Accueil > Documents > Décroissance de la consommation > Nicolas Hulot déclare qu’il "n’aime plus trop" le développement (...)

Interviewé dans Libération

Nicolas Hulot déclare qu’il "n’aime plus trop" le développement durable

vendredi 11 septembre 2009

On lit dans une interview fort intéressante de Nicolas Hulot dans Libération du 7 septembre qu’il "n’aime plus trop" le développement durable.
Disons que c’est logique.

Scoop : le développement durable n’est pas durable !

Il n’y a pas de raison de faire un procès d’intention à Nicolas Hulot : son engagement en faveur de la planète doit être sincère. Justement, cette sincérité doublée de ses efforts de communication importants buttent radicalement sur une aporie grosse comme la Terre : a force de plaider pour le développement durable, on ne peut que faire durer le développement, précisément parce que le développement durable a été inventé pour faire durer le développement, et certainement pas pour développer la durabilité. Un doute ?
C’est simple : s’il s’agissait de développer la durabilité, on commencerait par développer des biens qui durent, non ? Des biens qui durent, c’est à dire des biens de qualité, conçus pour ne pas vous lâcher au bout d’un an, des biens que l’on peut réparer, bricoler, recycler, etc. Bref, plutôt que le GSM hyper-polluant qui fonctionne sur batterie au lithium, les entreprises qui se réclament du développement durable seraient restées au téléphone à fil, infiniment moins énergivore et polluant. Et il coûterait moins cher de réparer un téléphone à fil que d’en acheter un nouveau. Même chose pour un lecteur CD, qui devrait être réparable plutôt que jetable, etc. Dans ce cas on observerait une volonté de développer la durabilité.
De la même façon, si le développement durable voulait vraiment développer la durabilité, les gouvernements qui s’en réclament arrêteraient de subventionner les industries les plus polluantes, comme par exemple : le nucléaire, l’industrie du pétrole, les constructeurs auto, etc. C’est l’inverse qui se passe, et pourtant tout le monde se dit ardent défendeur du développement durable ! Fichtre et bigre, mais que se passe-t-il ?
Le développement durable fait durer "le développement", qui est celui de la marchandisation et de la croissance économique : l’obsolescence programmée et la surconsommation sont toujours au cœur de ce système économique qui se présente comme pouvant croître à l’infini, ce qui n’est absolument pas durable sur une planète aux ressources finies, comme le dit la formule.
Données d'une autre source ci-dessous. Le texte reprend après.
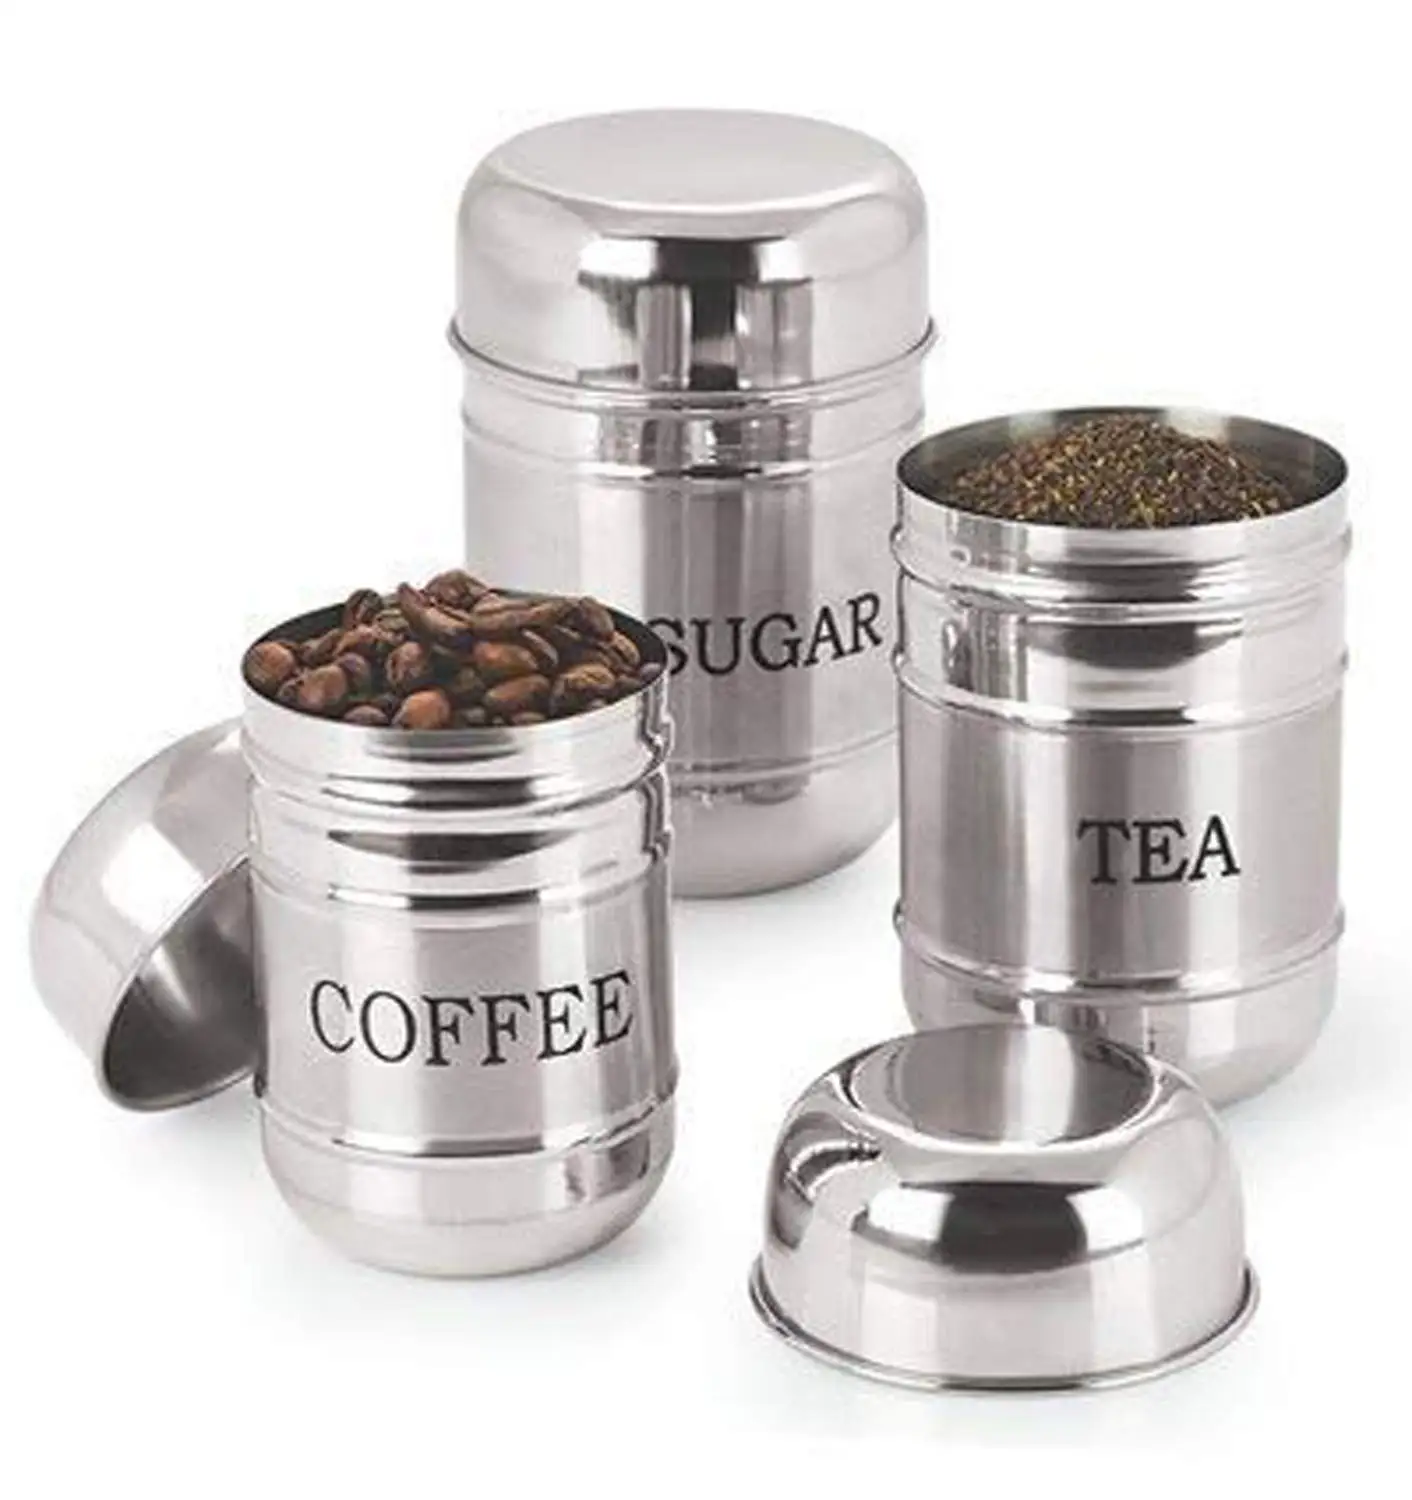 Stainless Steel Containers With Spoons Masala Dabba Spice Box ...

Bref, Nicolas Hulot "n’aime plus trop" le développement durable "parce qu’il est utilisé à toutes les sauces, c’est devenu parfois une camomille mielleuse pour nous faire ingérer tous nos excès de civilisation".
C’est une bonne nouvelle, encore un effort et on y sera, serait-on tenter de dire.

Scoop : le libéralisme économique n’est pas compatible avec la transition écologique !

Autre évolution significative dans le discours de l’aventurier de TF1 : la mutation écologique nécessaire est incompatible avec le libéralisme.
Sisi : "C’est incompatible parce que le libéralisme, au sens où je l’entends, c’est l’absence de limites. Il en est des sociétés comme des enfants, sans limites pour s’appuyer, ils basculent. Ce qui pose problème dans nos sociétés, ce sont tous nos excès.".
Comme quoi tout arrive.

Il reste un hic ou deux.

- Le premier :

A la question : "Vous devenez gauchiste ?" ?, Il répond : "Au risque de vous choquer, je ne sais pas où je me situe. Je ne sais pas s’il y a un protocole de gauche ou de droite. Les contraintes sont telles que le réalisme prime sur l’idéologie. Il me semble que dans le contexte de gravité et de complexité actuelle, ce clivage là n’est plus opérant. J’ai beaucoup lu ou rencontré des gens comme Joseph Stiglitz, Nicholas Stern ou bien d’autres des gens qui ont été dans le système et qui voient bien que ce n’est pas tenable. Tant mieux si l’on y vient par la réalité des choses.".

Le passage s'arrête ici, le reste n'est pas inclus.